The loyal customers are just 4.29% of all customers, but their purchases make for 16.23% of total revenue. Price-oriented customers make for 47.28% of total revenue as they are the biggest group and thus are the most valuable group. Passersby customers make for 36.49% of total revenue.

8 Conclusions

K-means clustering allowed to divide customers into 3 groups: price-oriented customers, passersby and loyal customers.
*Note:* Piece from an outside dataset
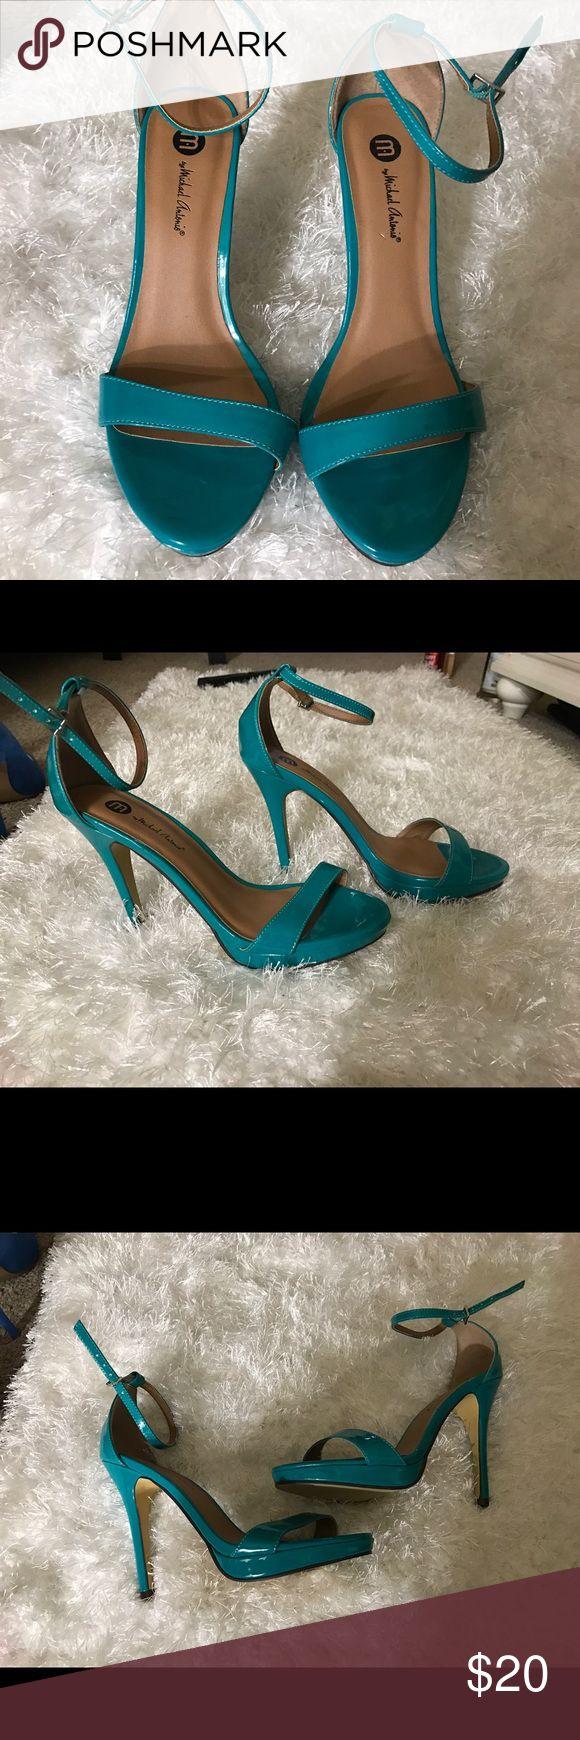 Blue sandal heels Blue strap high heel sandals brand new never worn perfect for summer no box Michael Antonio Shoes Heels

The analysis resulted in important conclusions about each groups’ distinctive characteristics. It has been presented that the most valuable group is the price-oriented group which chooses the cheapest products and the cheapest delivery forms. The most loyal group on the contrary chooses rather more expensive types of delivery and they seem not to care that much about the price in general.

It is worth noting that now every new client can be assigned to one of the 3 groups and current clients can be reassigned to another groups as they make new purchases. This means that the company can address each client in a more appropriate way.